One might assume that the soul would be a more controversial topic than the body in Catholic teaching, given that it is invisible and hard to imagine. Nevertheless, when St. Paul was preaching to the Athenians, their main objection came after he revealed the doctrine that we would all rise again — with our bodies!
Now, what causes us daily griefs? Physical ailments, being tired, needing to hydrate, needing to go to the bathroom when we are busy, weight gain — do we want this mortal coil forever? Yet it is an article of our faith that we were made bodily and, after a brief separation, our souls will be reunited with our beloved bodies forever.
A love-hate relationship
As with many things in a culture that has been formed by Christianity but has lost the fuller, integrated sense of it, we are constantly bouncing back and forth between an inordinate love of our bodies and the other extreme of hating them. The former causes the latter.
You can’t hate something you don’t first love, and our image-saturated culture loves to show us bodies. Many of our readers can surely sympathize; my body doesn’t look Instagram-ready all the time. For the body-obsessed, countless hours are spent on hair and makeup and in the gym. Nevertheless, ol’ Grim Reaper will come for the chiseled as well as the flabby, and gravity will take its toll. The massive growth of the Botox and plastic surgery industry fights back, but to no avail.
Bodies are a gift
So what is to be done? First, we must learn to love our bodies as they are, not as they aren’t. God gave us our body, and we are, in part, our body, so we just gotta learn to love it. Our body is the means by which we encounter God, nature and all that we love. Christ gives us his body and does not recoil to enter our bodies — wherever they are at — in the Eucharist. Second, we want to cultivate the gift of our body within reason, which means exercising temperance and moderation to regulate our intake and responsibly activate our mobility to continually foster what the body is made for.
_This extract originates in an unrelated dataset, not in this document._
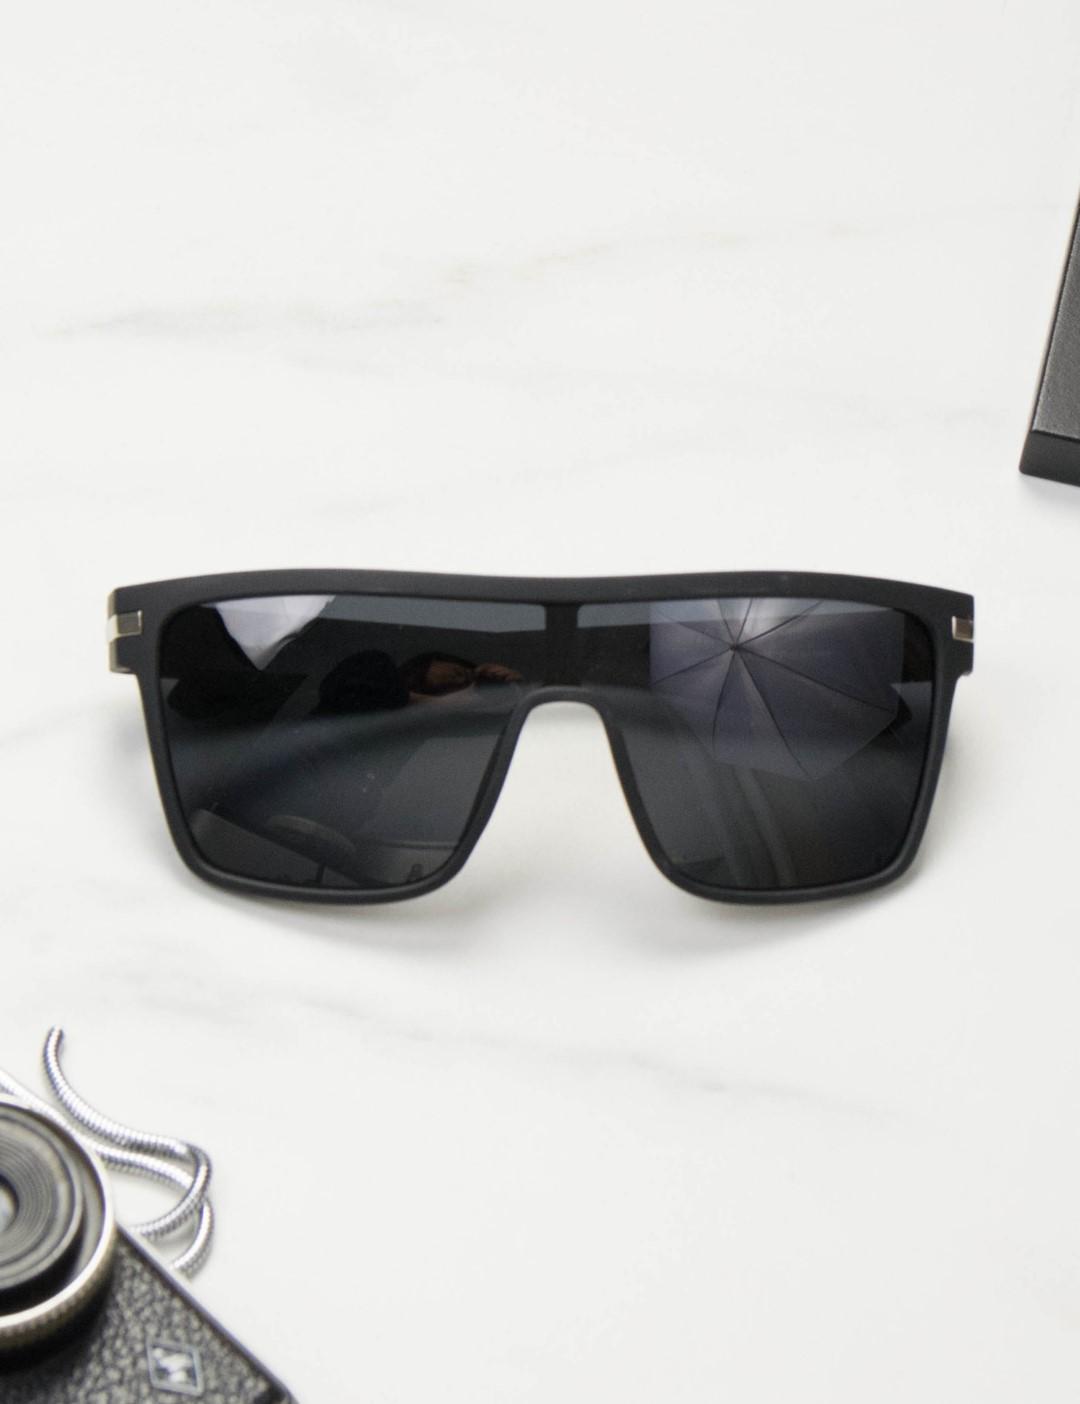 a051ff98c5 Ανδρικά μαύρα τετράγωνα γυαλιά ηλίου Polarized S2064S

Our bodies are, of course, tied to our mental health, so we need sunlight and activity and good food and good rest. We also need some creature comforts, in moderation, to ease the journey through this vale of tears. At the same time, we sometimes need to ascetically deny ourselves those comforts to keep ourselves disciplined and ordered towards higher goods.
We are also called to use our bodies in prayer: standing, kneeling, raising our arms, laying prostrate. St. Dominic had nine different postures of prayer.
We must love our bodies, but also be detached from them. In that sense, we are called to reasonably cultivate good habits that foster healthy functioning throughout our body, our emotions and our rational nature.